The TG speed gap (40%) exceeds the model size gap (32%) because Decode’s random access pattern amplifies cache miss penalties and memory latency impact.
Quality Difference in Practice
Q8_0 advantages:
- More stable context retention (less topic drift in long conversations)
- Fewer destructive edits (notably in aider code modifications)

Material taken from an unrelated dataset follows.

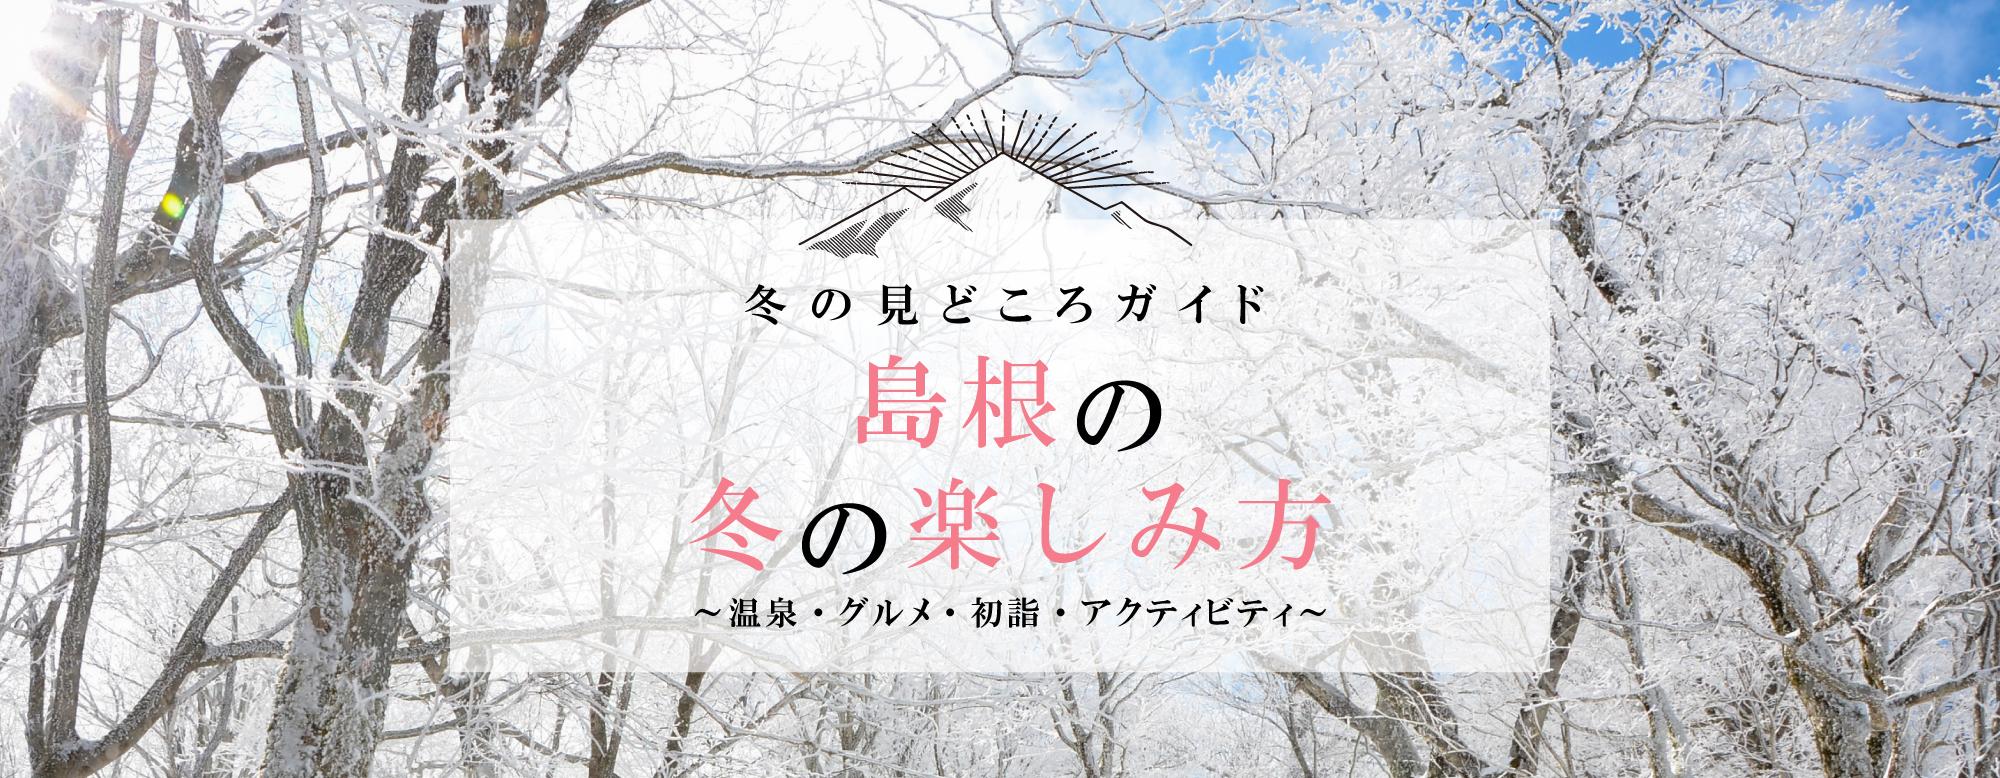 島根の冬の楽しみ方

- General sense of reliability
The gap is not dramatic. Code scaffolding and summarization work fine at Q4_K_M. The difference surfaces in complex repository operations and long-form generation. High-level comprehension and structure generation ability are equivalent – Q4_K_M rarely committed critical errors in aider code generation or document scaffolding.
Why Q8_0 Is Viable on 768GB RAM
Q8_0’s 426GB is impractical on typical servers. On 768GB DDR5, the model + KV cache + page cache all fit in memory. “Use Q8_0 when memory is abundant” is a rational choice specific to this environment.
Selection Criteria by Use Case
Q4_K_M vs Q8_0 selection is driven by task nature, not a simple speed-quality trade-off.
- High-throughput oneshot generation, Dagster/dbt batch: Q4_K_M. 40% speed difference compounds over volume
- Aider workflows, complex repo operations, long-form: Q8_0. Reduced destructive edit risk outweighs speed loss
- Daily on/off operation: Q4_K_M. Faster startup
- Always-on resident: Q8_0. Quality stability pays off over long sessions
- Local knowledge processing: Both work for structuring/distilling sensitive internal data locally
MoE CPU inference uniquely makes both quantization levels practical. The 128-expert locality pattern enables efficient memory bandwidth utilization, keeping Q8_0 at a usable 15-16 tok/s.
Switching to Q8_0 for quality-critical phases while using Q4_K_M as the default is the current best practice for on-premises LLM operation.
Reproduction Steps
Q4_K_M
podman run --rm -it \
-p 8081:8080 --shm-size 16g --cap-add=SYS_NICE \
-v "$MO":/models:ro,Z $IMG \
--host 0.0.0.0 --port 8080 \
-m /models/Llama-4-Maverick-17B-128E-Instruct-Q4_K_M.gguf \
--jinja -c 16384 \
--threads 14 --threads-batch 14 \
-b 1024 -ub 256 \
--parallel 1 --flash-attn on
Q8_0
Same command, substitute Q8_0 model file.
Technical Notes
MoE mmap Behavior
Only a few of 128 experts are active per token. mmap page cache “warms” unevenly. Sustained single-topic processing hits the same experts repeatedly, improving cache hit rate. Frequent topic changes increase page faults.
Prompt Cache
LCP similarity hit works on both Q4_K_M and Q8_0. With fixed System Prompts, TTFT on subsequent requests drops significantly.